3. Work on your self-esteem

This is one of the best coping strategies you can employ, since a lack of self-confidence is one of the main causes of the need for approval.

Start generating positive thoughts about your worth. Assume that you are a valuable person, trust your skills and abilities. Sure you have all the potential to carry out activities that generate insecurity, but you do not believe it. Start to change that mindset.

4. Change the questions to statements

He begins to notice how many affirmative sentences you pronounce and how many in question form. Then try to express more opinions than questions. For example, instead of saying ” what a good movie, right?” say “what a good movie .

If you are always asking questions, it means that you are seeking approval. This reflects a lack of confidence in your own ability to take charge of affairs.

Why is it important to address the need for approval?

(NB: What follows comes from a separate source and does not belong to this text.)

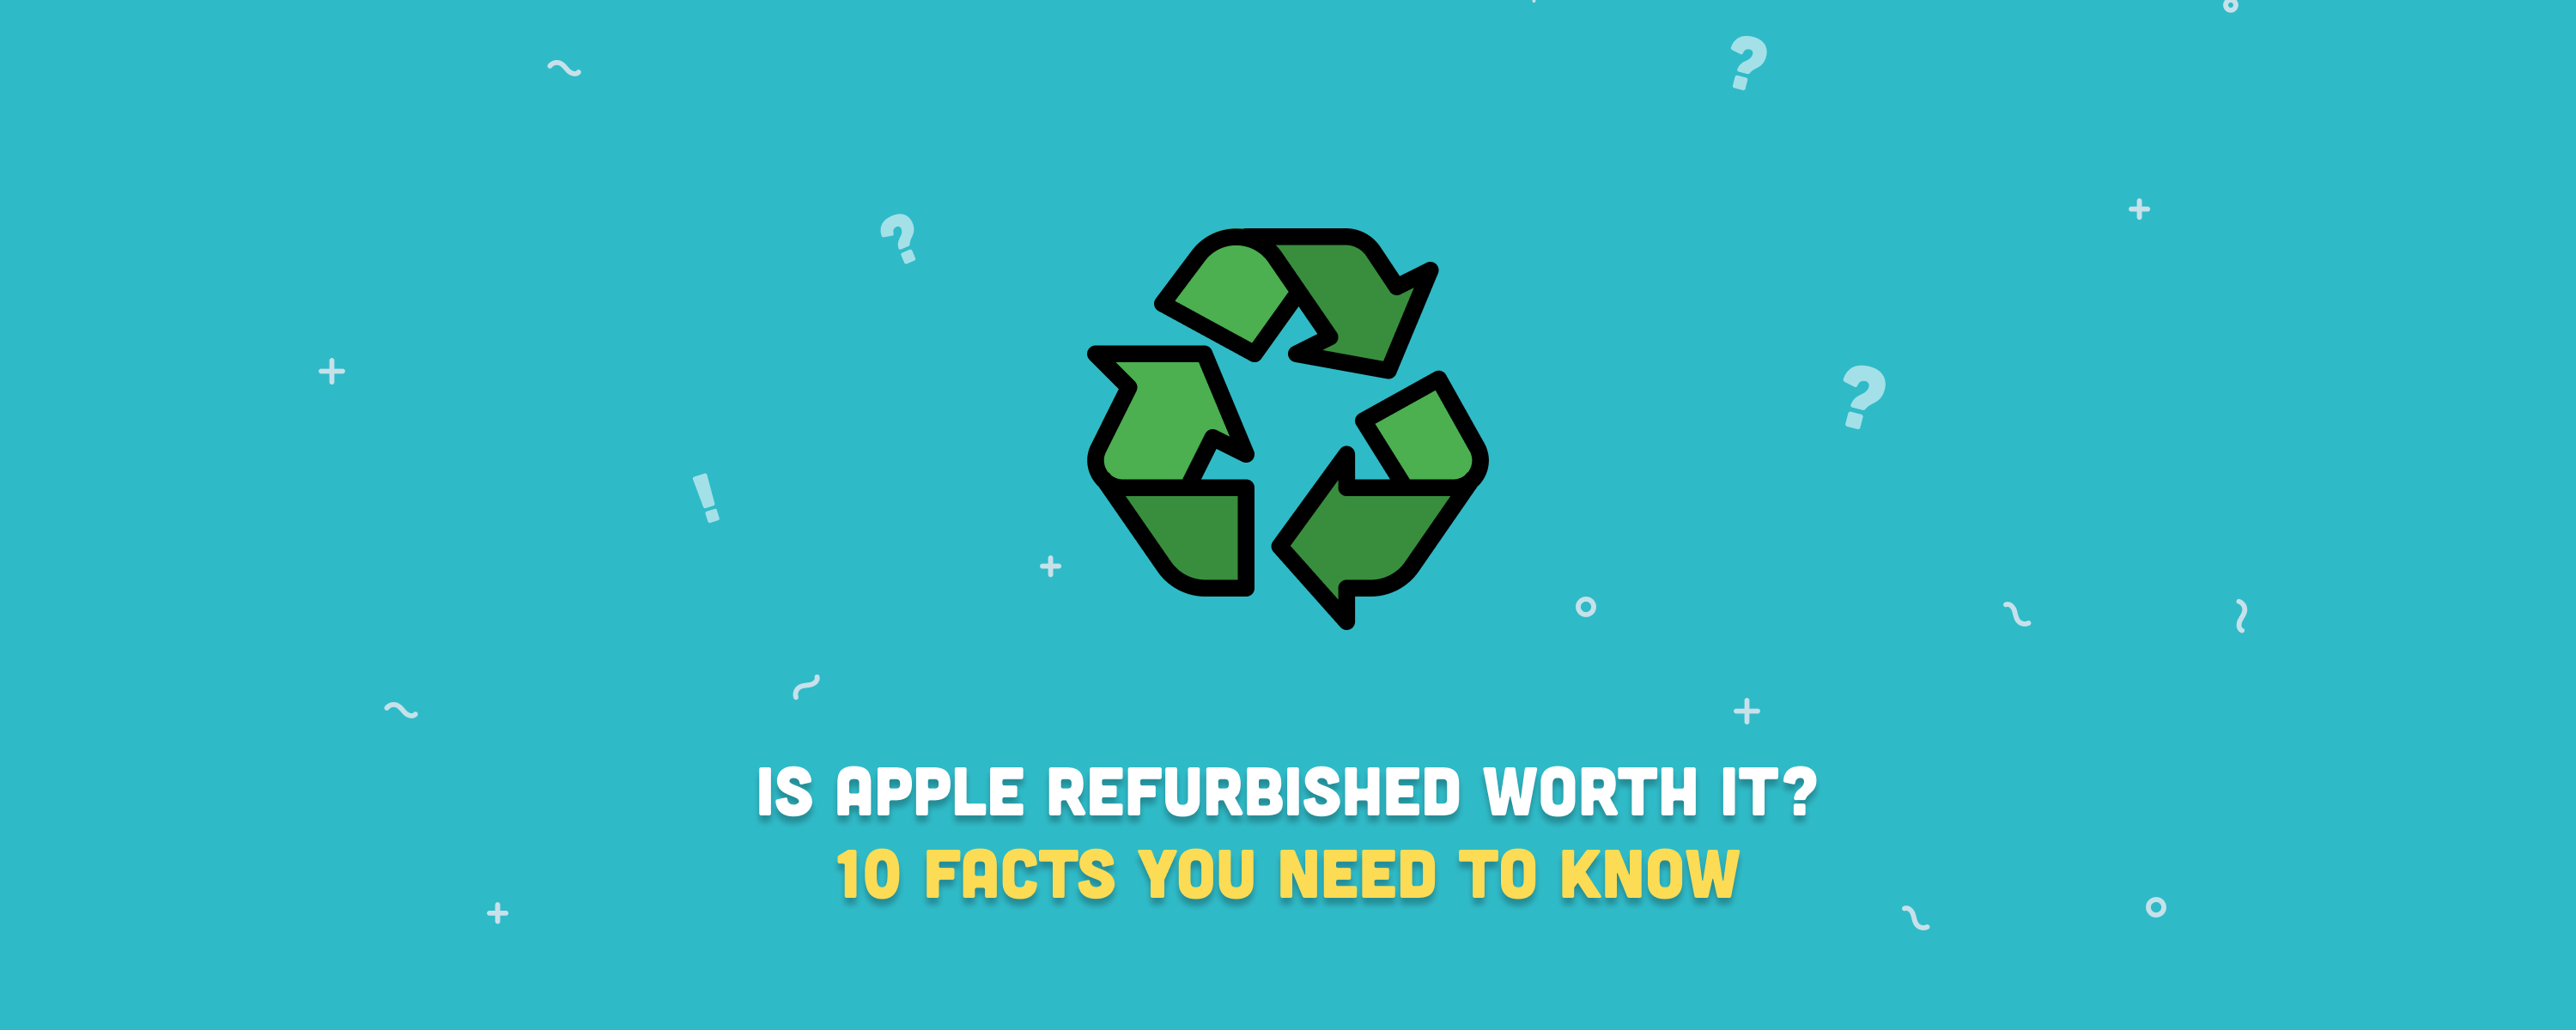 10 Facts to Know If Apple Refurbished Is Worth It

Meeting of friends that are accepted.

The importance of facing this situation lies in the relief of mental and emotional discomfort. Therefore, if you start working on it, you will start to notice the following changes:

Higher levels of well-being and happiness: If you assume that the opinions of others are more valuable than your own and then you do not get their approval, then you will feel depressed, guilty and unworthy. By letting go of these ties, you will be responsible for your happiness and well-being.

You will not be subject to manipulation by others: the need for support and approval can be a means of manipulation. The greater the need for praise, the easier you will be manipulated. Any step toward independence and self-approval takes you away from the control of others.

Achieve your personal goals: If you face the need for approval, the goals you set will be easier for you to achieve, since you have been conditioned to need the support of others to achieve something. Once this condition is overcome, you will feel freer and with more power to make your dreams come true.

The need for approval is worked

Overcoming the need for approval takes practice and effort; It is not something that is achieved overnight. But it’s not impossible.

Coping with this situation is sure to be easier for some people than others. It is even likely that certain cases require the help of a psychotherapist. That being said, if you feel like it’s a daunting task that is overwhelming, you can always ask for professional assistance.